As Stafford said, it's up to him and Cooter to dial up the right plan this week to be more consistent on offense and score points against a tough Panthers' defense.


As a former linebackers coach, Lions head coach Matt Patricia can appreciate good linebacker play. He certainly sees plenty of it when he flips on the tape of Carolina's defense with All-Pro linebacker Luke Kuechly.

Kuechly leads Carolina with 72 tackles this season, and has the most tackles of any player in the league since 2012 (890). Carolina has a lot of really good players on defense, but it's Kuechly who Patricia says makes that unit go.

"A guy that's extremely smart, studies the game a lot," Patricia said. "You can see where, a lot of the plays that he makes, it's stuff that he's either studied on tape, seen on film, maybe a recognition that he's obviously done his due diligence on to anticipate, and then he just moves so quickly when that ball is snapped.

"He really does do a good job of tying the back end and the front end together."

Detroit's offense will no-doubt have to account for Kuechly come Sunday.


Sitting in an empty locker next to veteran safety Glover Quin's locker is a picture of him and eventual Hall of Fame wide receiver Larry Fitzgerald taken after Detroit's win over Arizona at Ford Field last year.

Quin sent the picture to Fitzgerald in the offseason, and had him sign it.

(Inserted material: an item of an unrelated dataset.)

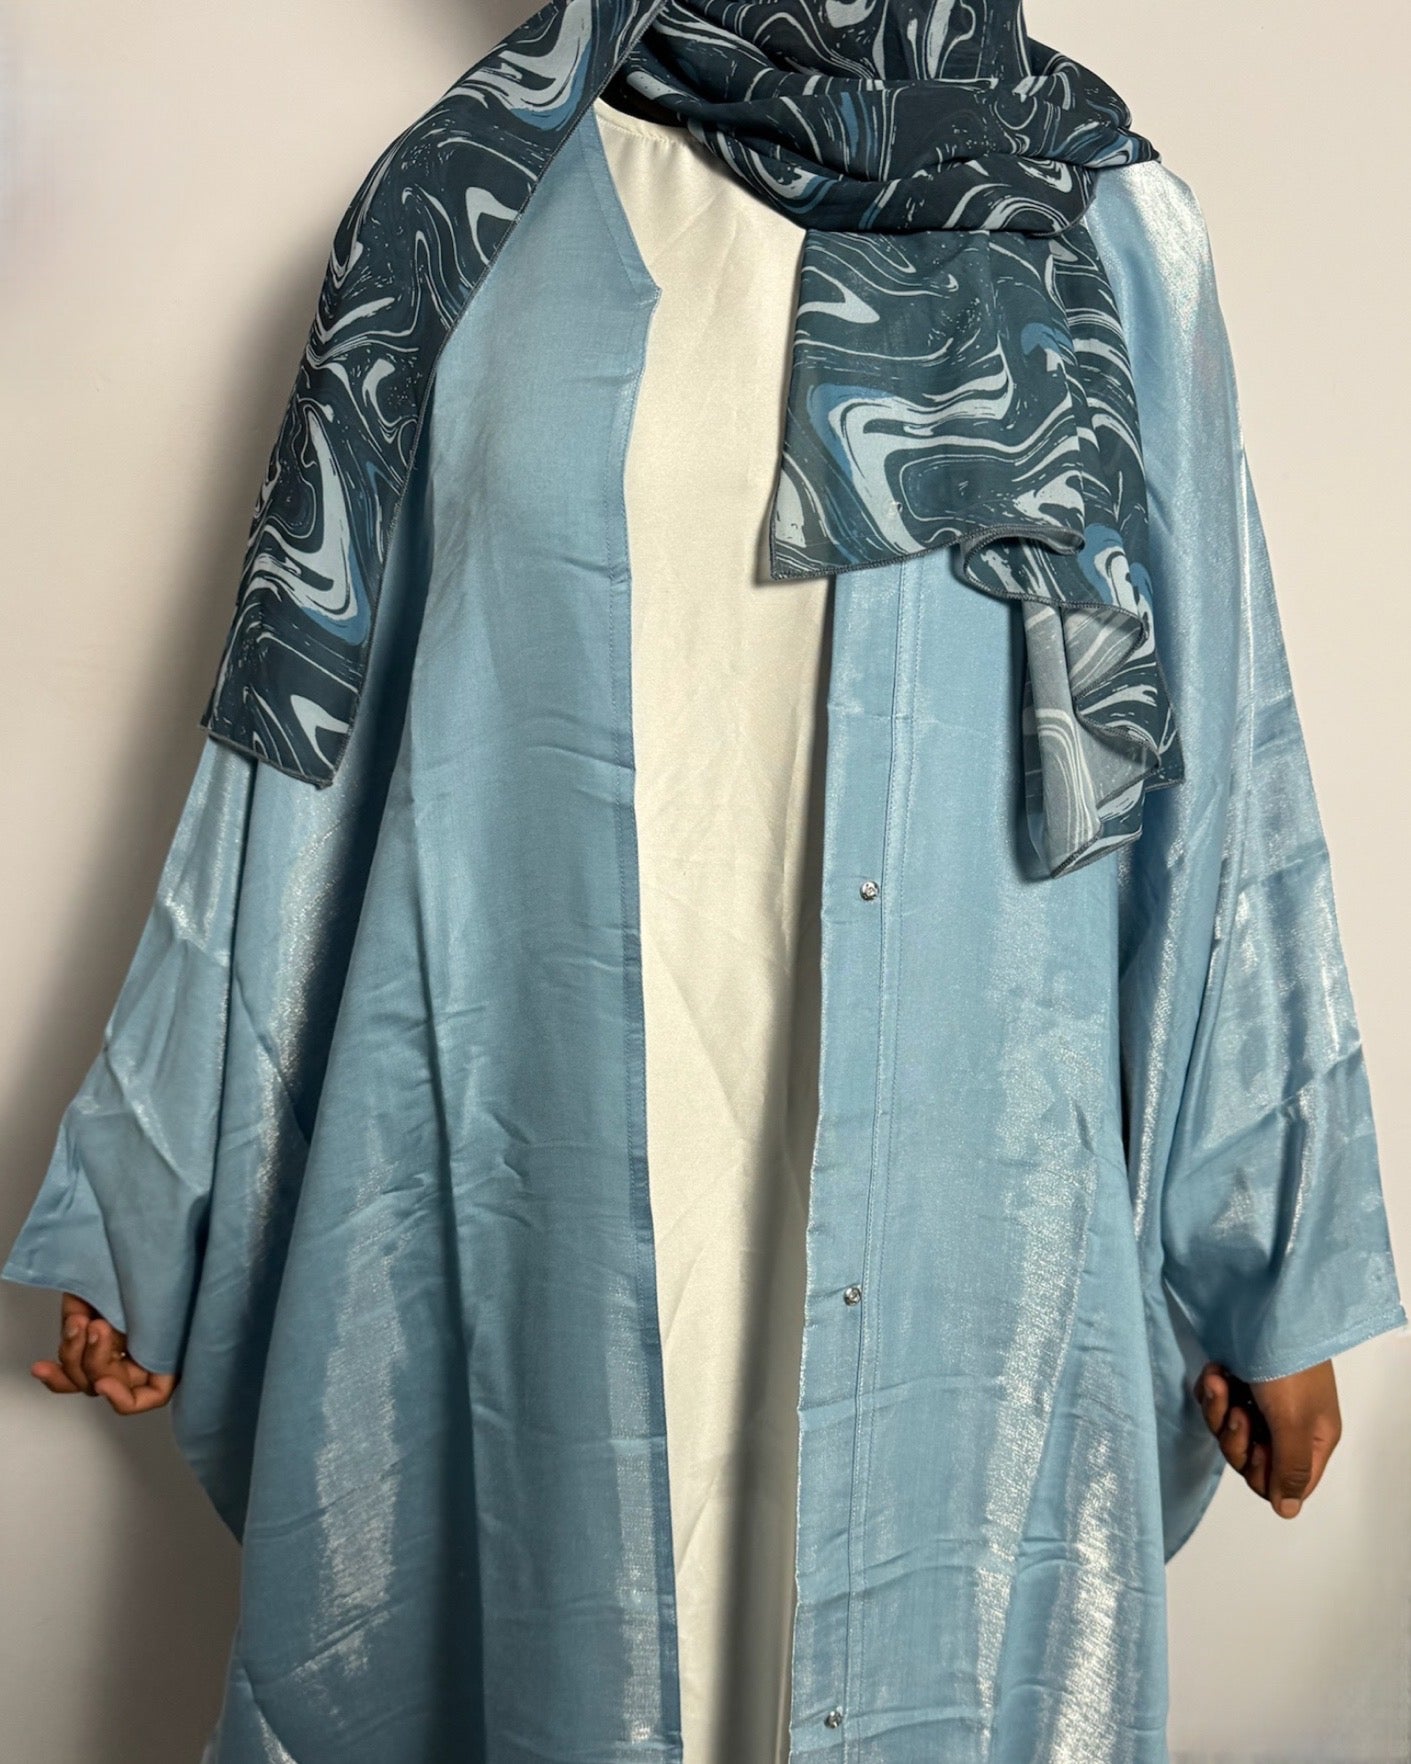 The Open Butterfly Abaya

Quin will eventually take it home to Houston, and it will join what's become a pretty vast collection of sport memorabilia amassed over a 10-year career.

He has a game worn Jersey from Charles Woodson playing his last game in the state of Michigan. He has photos of himself with Peyton Manning, Calvin Johnson and Tom Brady. He'd like to get the Manning and Brady photos signed, but joked he didn't have their phone numbers to arrange it.

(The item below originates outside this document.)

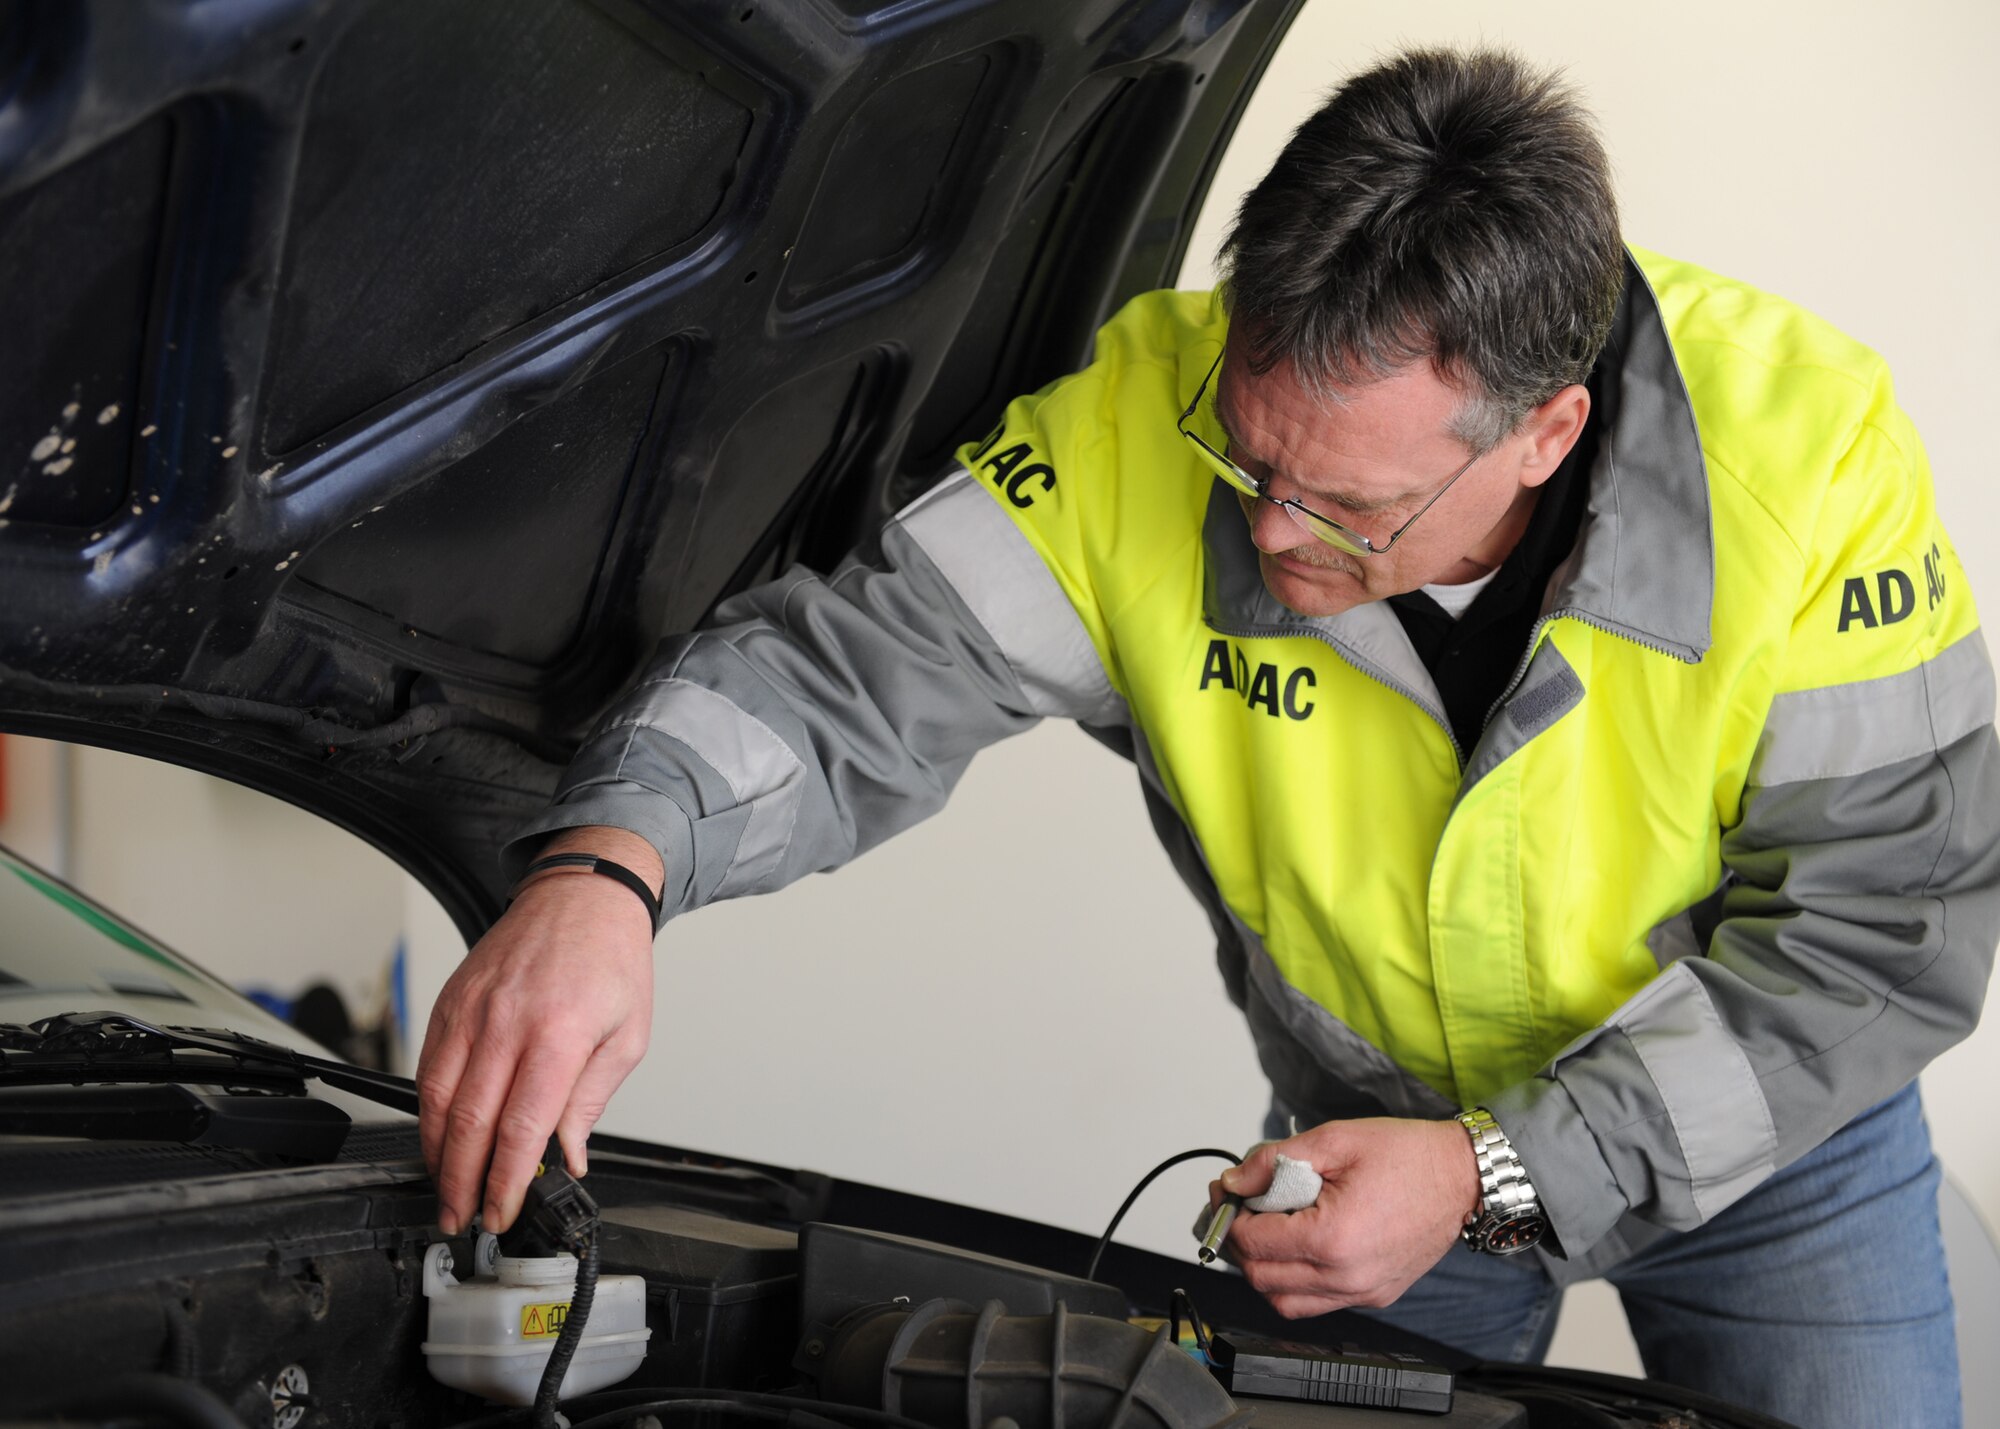 SPANGDAHLEM AIR BASE, Germany – Robert Fuss, ADAC Office of Traffic and Technology chief, checks the brake fluid on a vehicle during a winter safety inspection at the vehicle registration building here Nov. 5. The 52nd Fighter Wing Safety Office and ADAC teamed up to do a free vehicle inspection. The items checked included lights, brake fluid, battery, tires, coolant and other functions to prepare Sabers for safe winter driving. (U.S. Air Force photo/Senior Airman Christopher Toon)

He has signed footballs and jerseys from former teammates and players he's looked up to over the years.

"I have a lot of things that I've collected over the years, a lot of cool stuff," Quin said. "I got some things put up. I got some things I haven't put up yet. I just want to decide how I want to do it, where I want to do it. But yeah, I've collected some good things and for me, I look back at some of that stuff and it brings back memories."

For Quin, it's those memories that are most important, and the things he'll remember the most long after his playing days are over.

Quin even indulged the media with one of his favorite stories in front of his locker Wednesday. When Quin was a rookie in 2009, he and fellow rookie Brice McCain were a little awestruck when they first got to Houston with wide receiver Andre Johnson, who by 2009 was well established as one of the league's best receivers. Quin said they would psych each other up to try and go talk to Johnson, but both couldn't muster the courage.

The locker room can be an intimidating place for a rookie, Quin said. His breakthrough with Johnson came after he intercepted a pass in practice. Walking back to the defensive huddle, Johnson gave him a fist bump for the play. It was after that Quin finally worked up enough courage to go talk to Johnson. They are close friends to this day.

It was because of that experience when he was a rookie with Johnson that Quin makes it a point to go up to rookies and introduce himself and spark up a conversation.

Quin probably has a lot of good stories like that to go with a lot of the cool stuff he's collected over a 10-year career.